◆ **DATA SEGMENT**:
★ ★ ★ ★

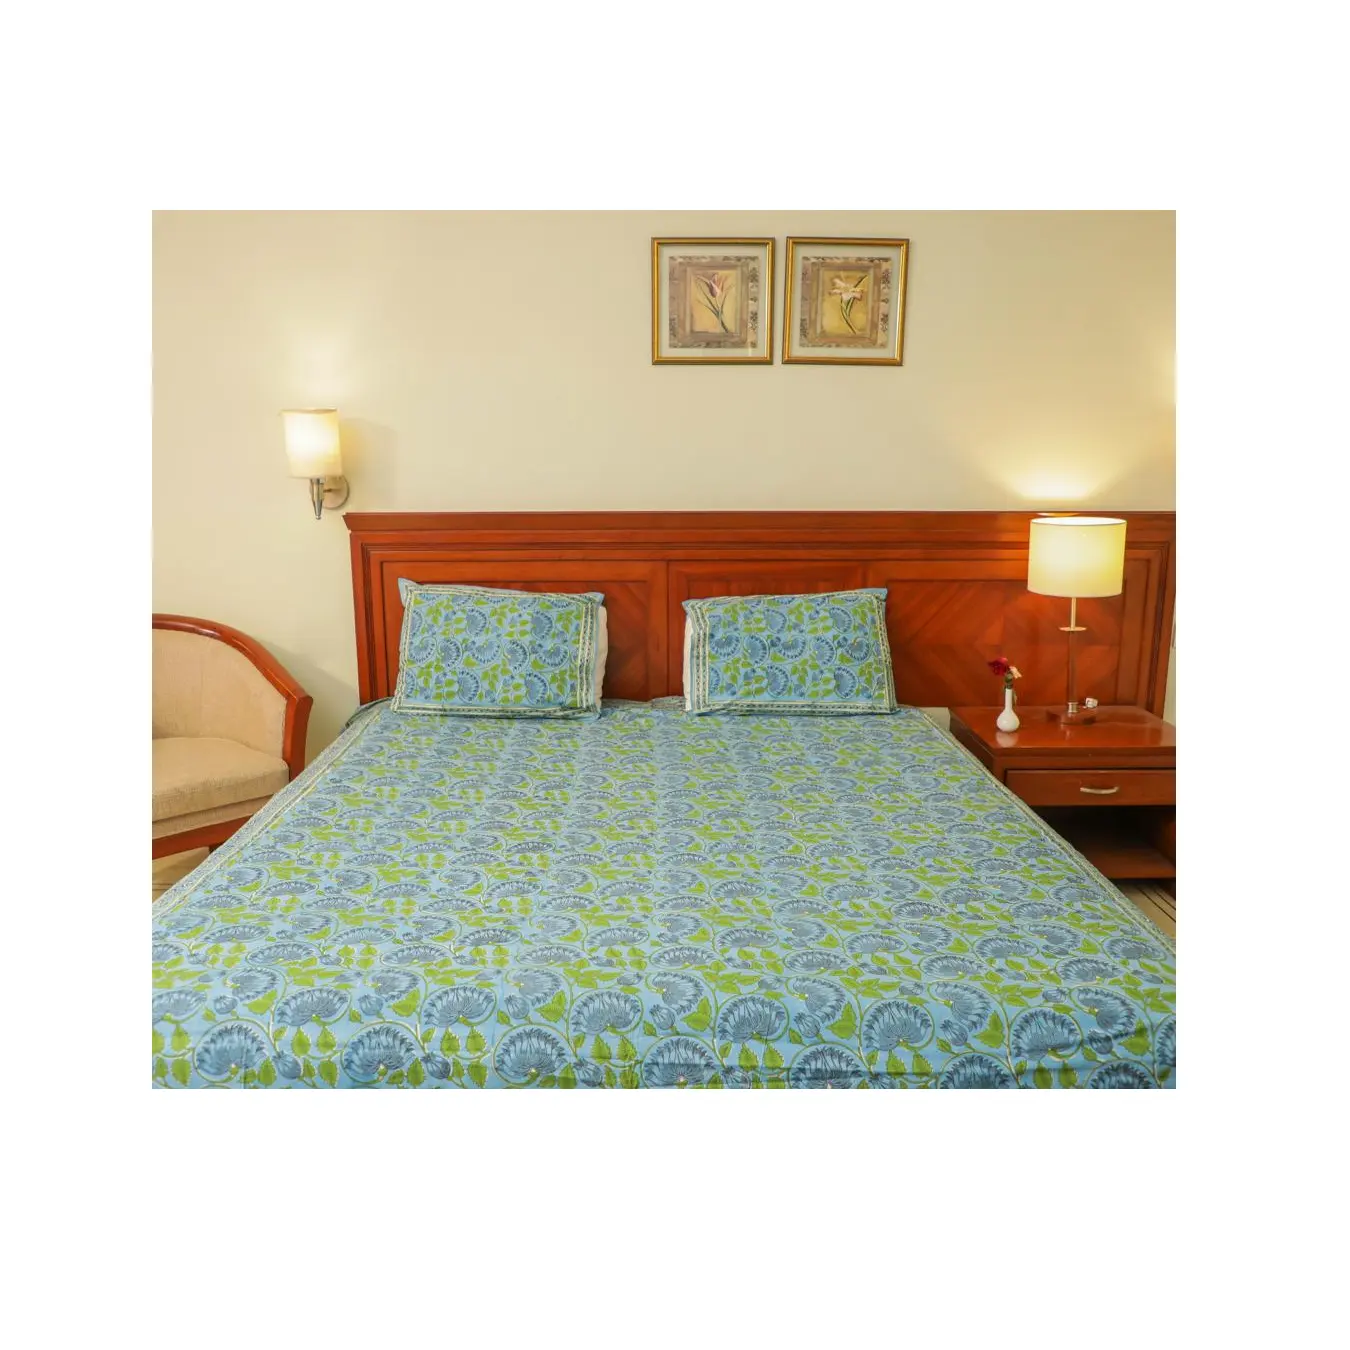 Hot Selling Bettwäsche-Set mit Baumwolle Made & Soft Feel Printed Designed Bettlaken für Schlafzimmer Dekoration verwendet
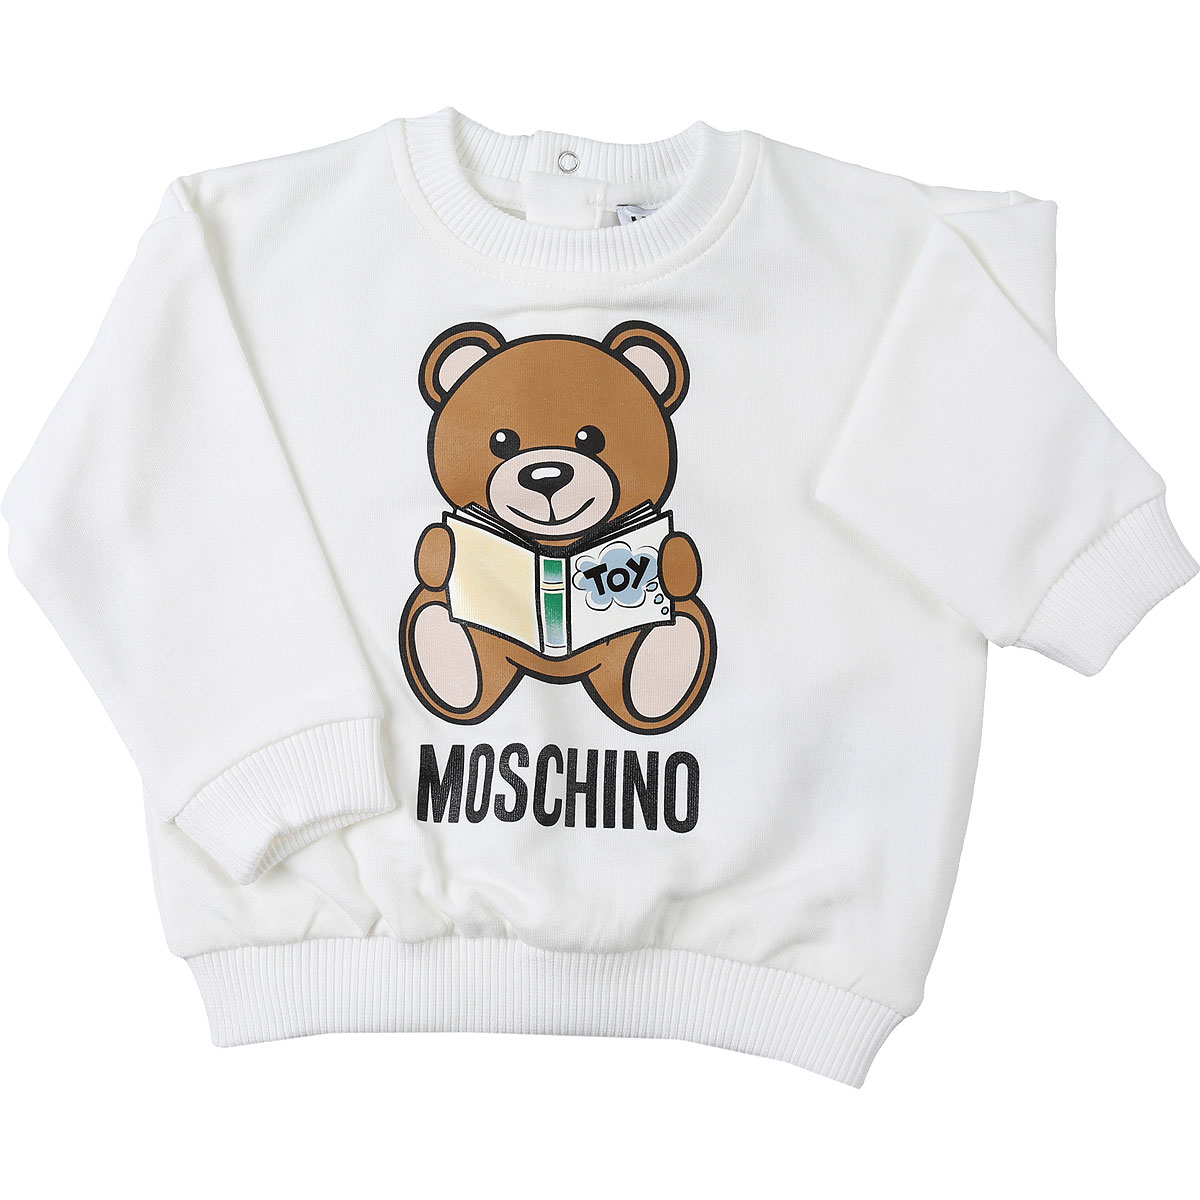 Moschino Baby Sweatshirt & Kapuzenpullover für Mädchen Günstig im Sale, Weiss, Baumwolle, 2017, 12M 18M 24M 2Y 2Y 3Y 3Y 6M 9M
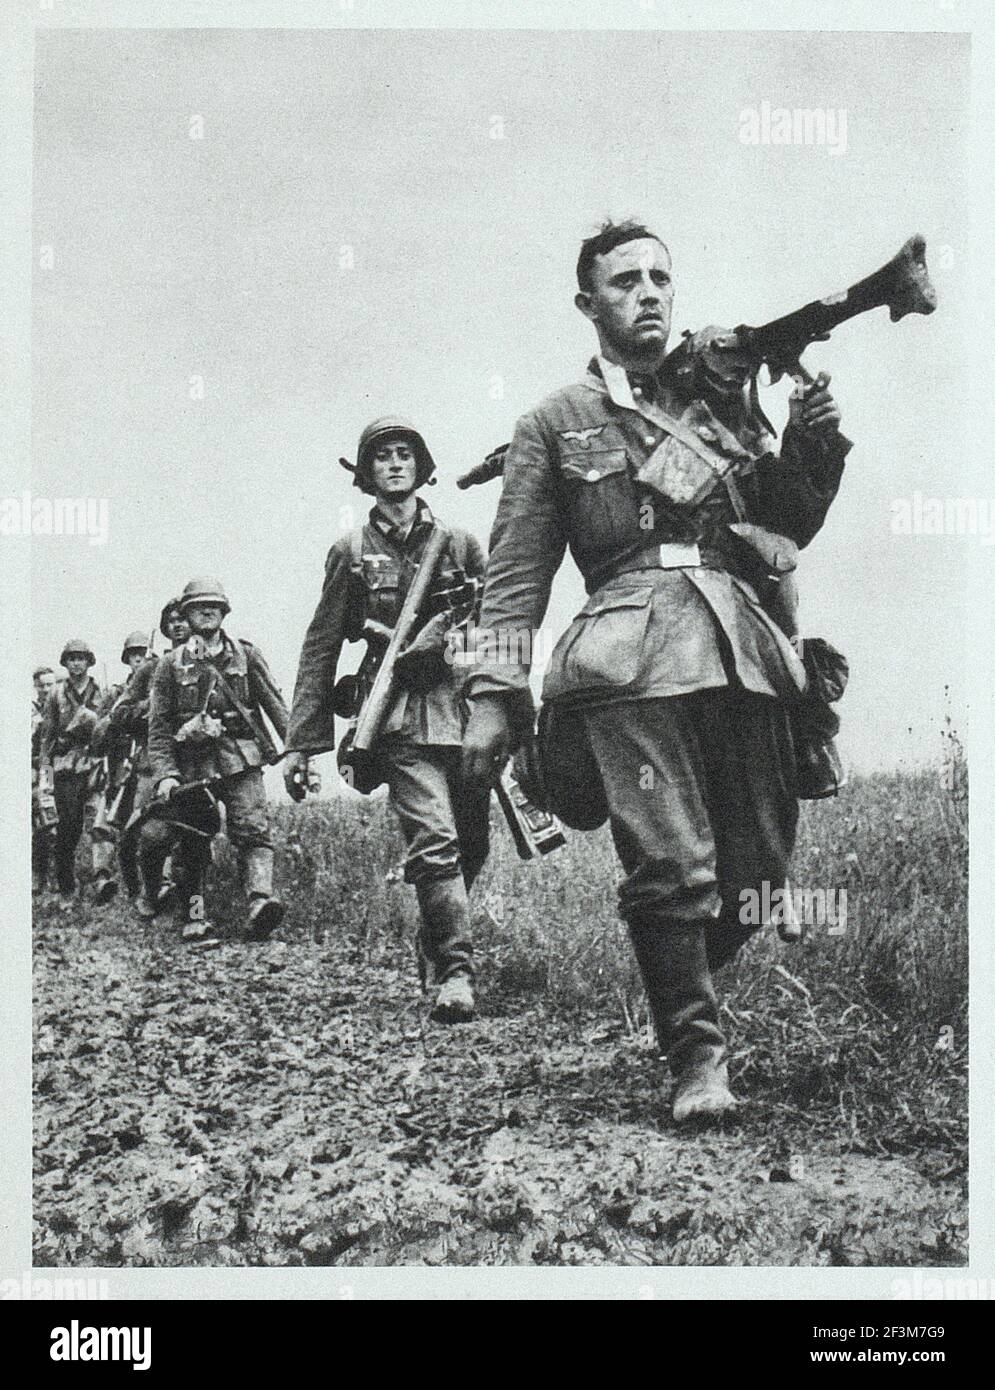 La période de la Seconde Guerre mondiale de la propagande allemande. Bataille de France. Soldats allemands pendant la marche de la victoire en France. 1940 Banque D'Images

★ ★ ★ ★

◆ **REQUIRED ACTION**: In full and without changes, repeat the listing above, but not its pictures.

◆ **RESULT OF THIS EXERCISE**:
 Hot Selling Bettwäsche-Set mit Baumwolle Made & Soft Feel Printed Designed Bettlaken für Schlafzimmer Dekoration verwendet
 Moschino Baby Sweatshirt & Kapuzenpullover für Mädchen Günstig im Sale, Weiss, Baumwolle, 2017, 12M 18M 24M 2Y 2Y 3Y 3Y 6M 9M
 La période de la Seconde Guerre mondiale de la propagande allemande. Bataille de France. Soldats allemands pendant la marche de la victoire en France. 1940 Banque D'Images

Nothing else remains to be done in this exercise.